▶ [DATA IN THIS EXERCISE]

· · · · · · ·

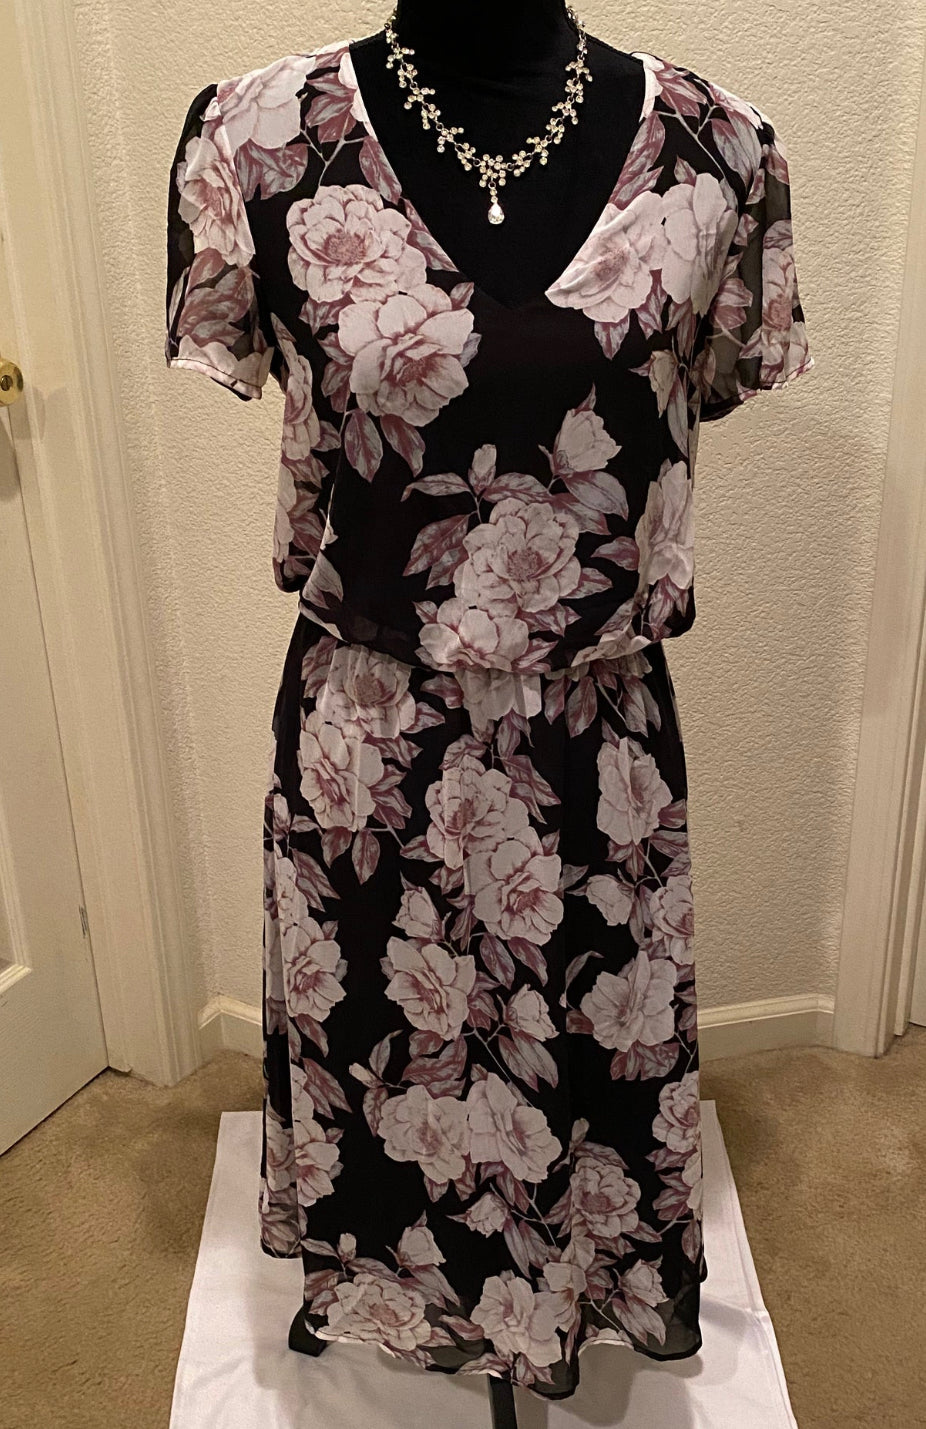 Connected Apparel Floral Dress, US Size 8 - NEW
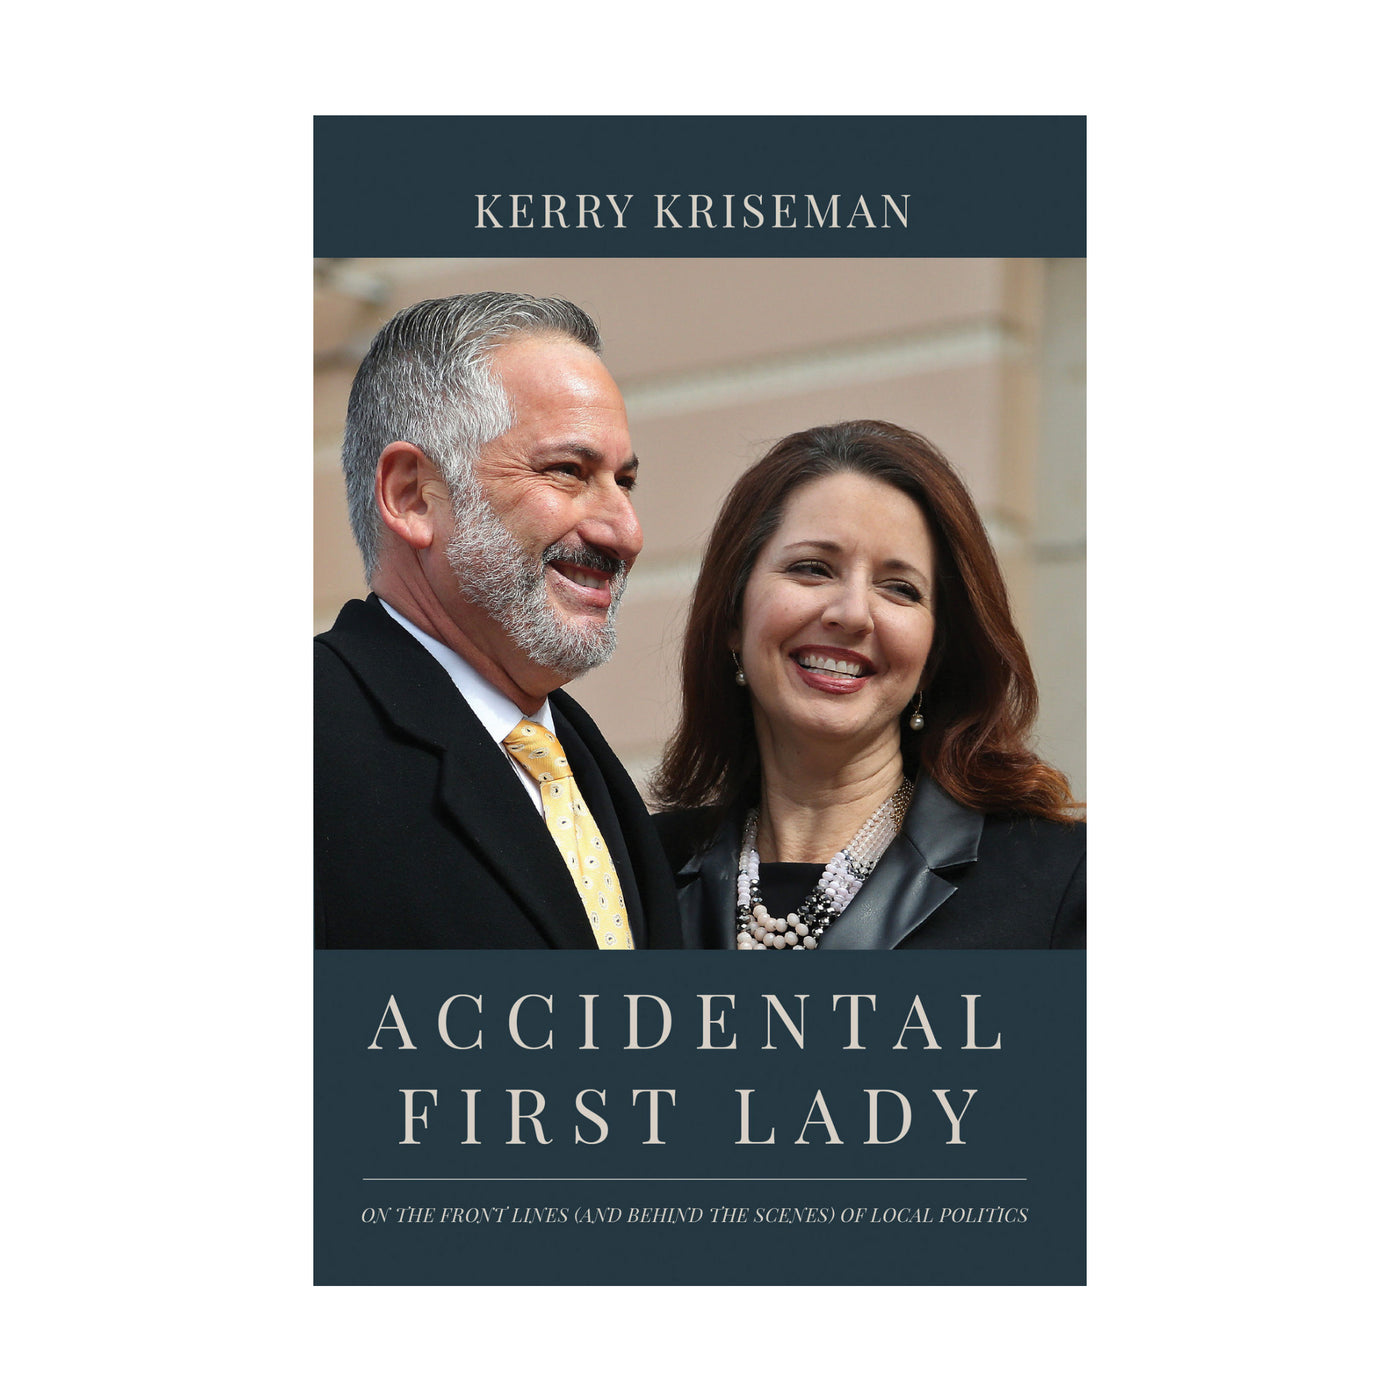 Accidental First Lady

· · · · · · ·

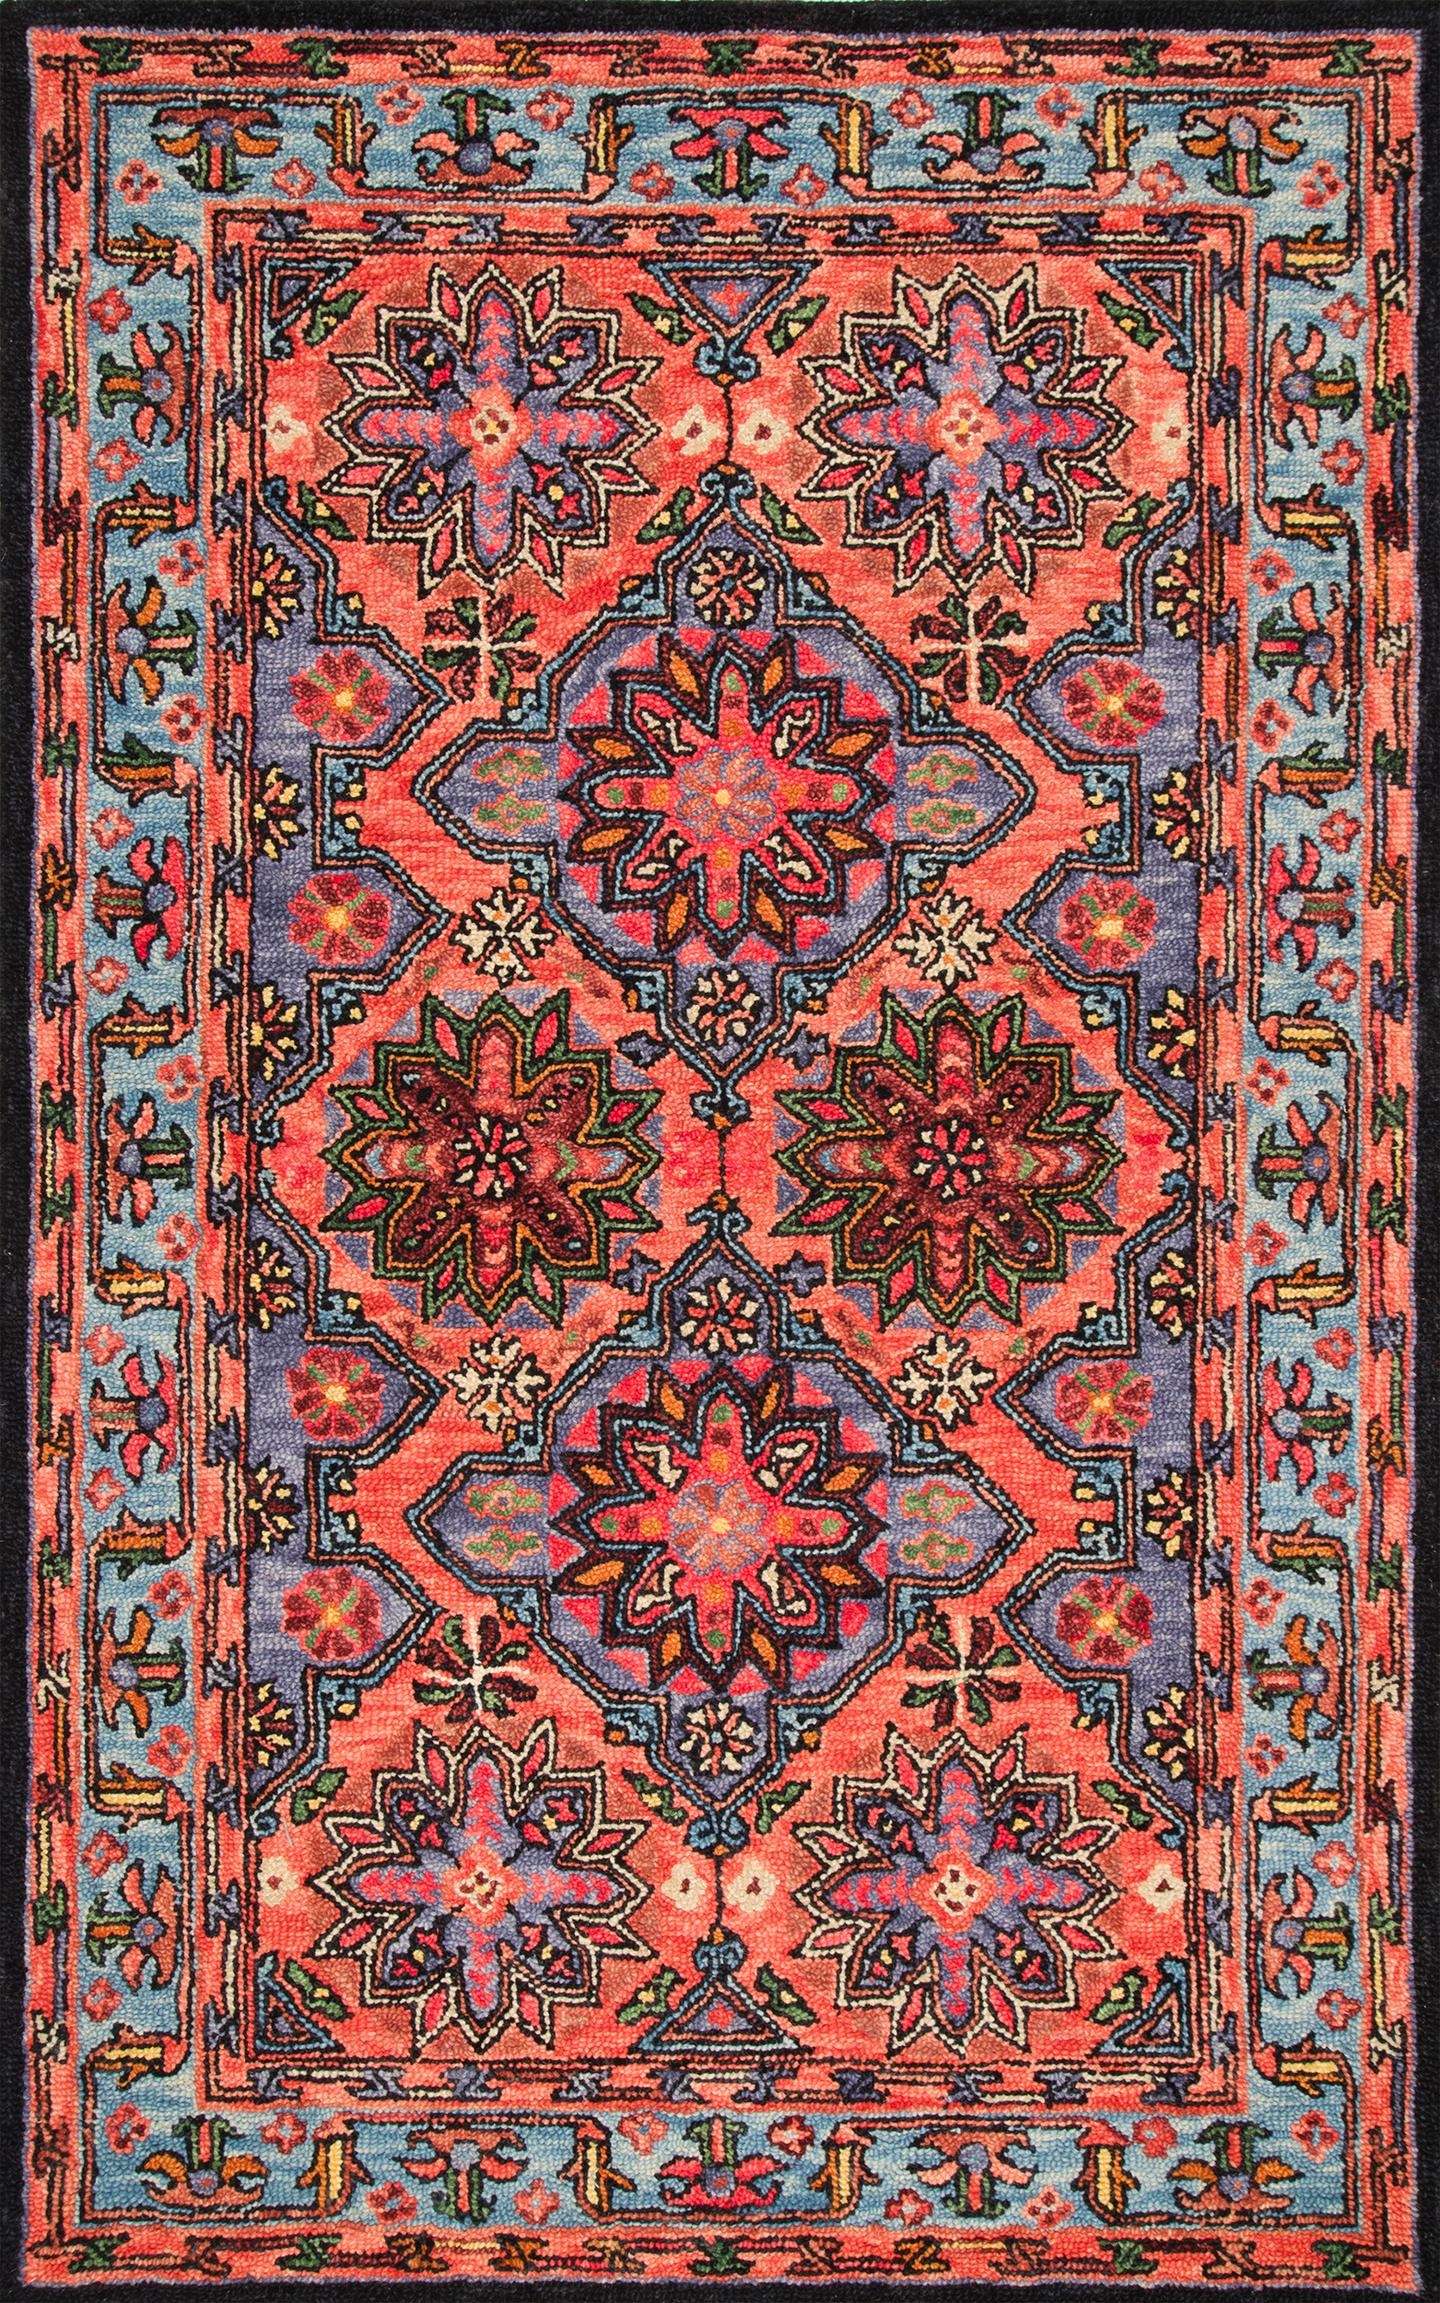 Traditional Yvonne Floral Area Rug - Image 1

· · · · · · ·

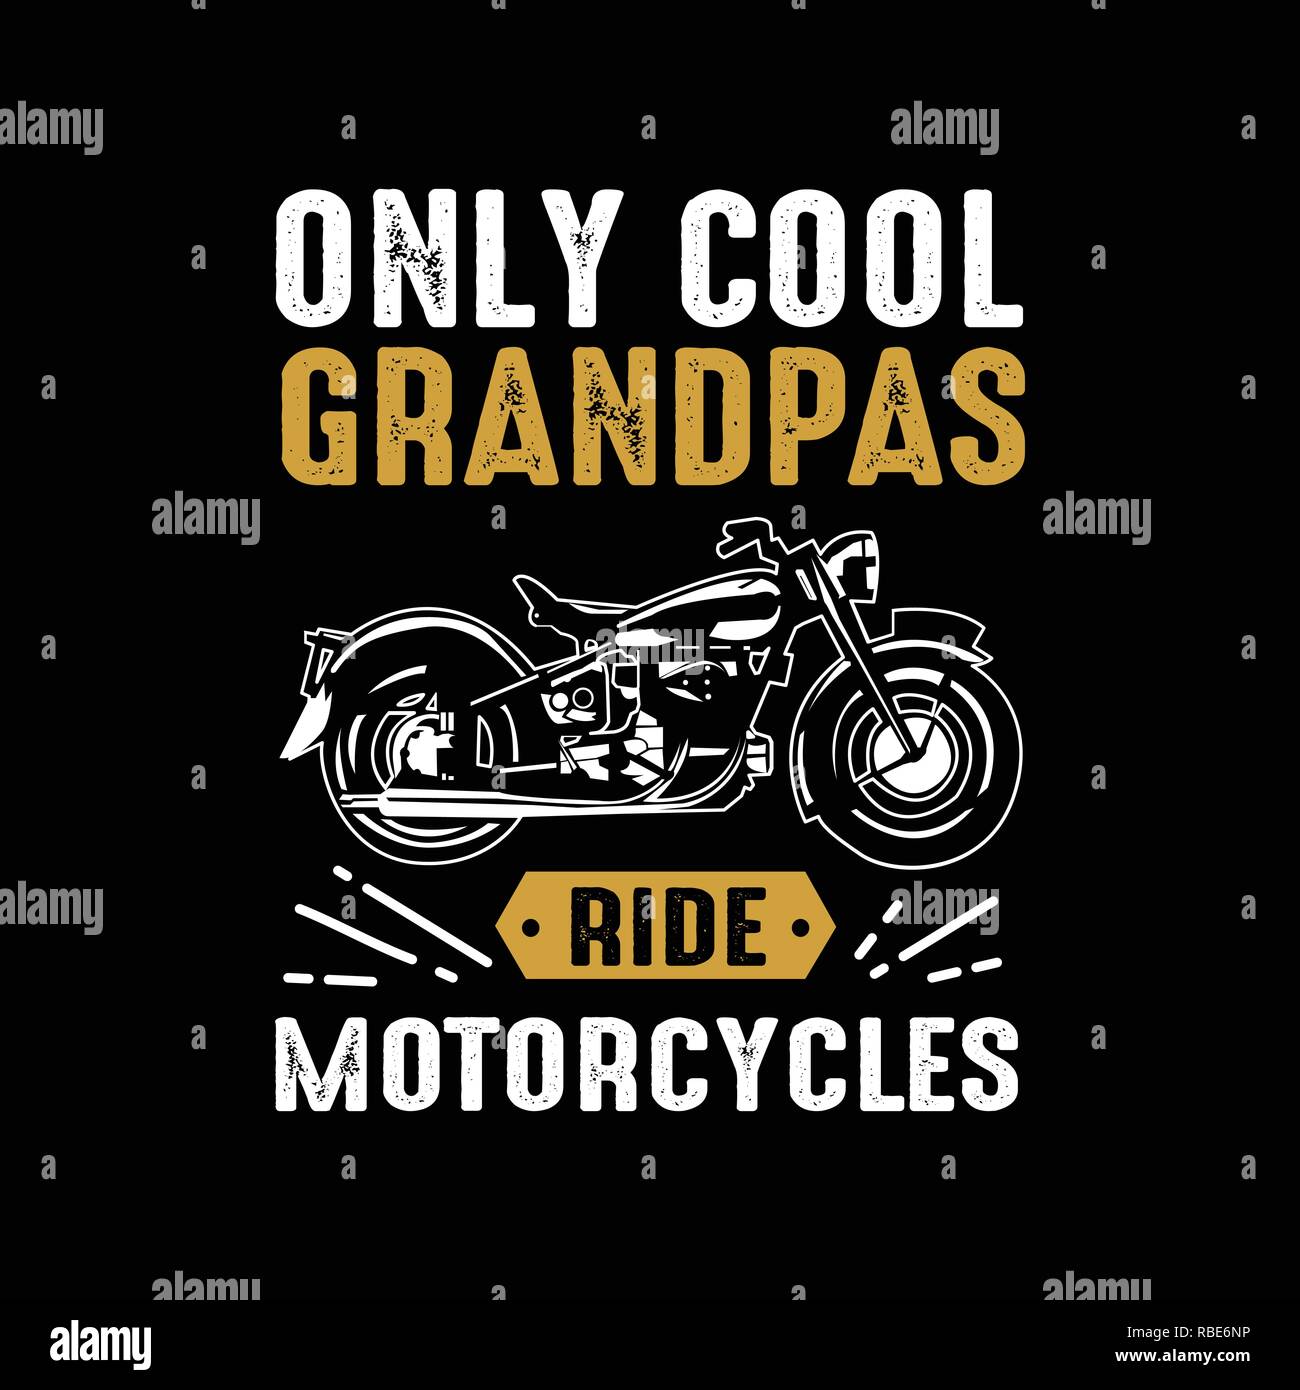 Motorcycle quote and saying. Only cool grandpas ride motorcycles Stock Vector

· · · · · · ·

▶ [DESCRIPTION OF THE TASK] What you write must match the listing exactly, from the line with "Connected Apparel Floral" up to and including the line with "Accidental First Lady". Pictures stay out.

▶ [TASK SOLUTION]
 Connected Apparel Floral Dress, US Size 8 - NEW
 Accidental First Lady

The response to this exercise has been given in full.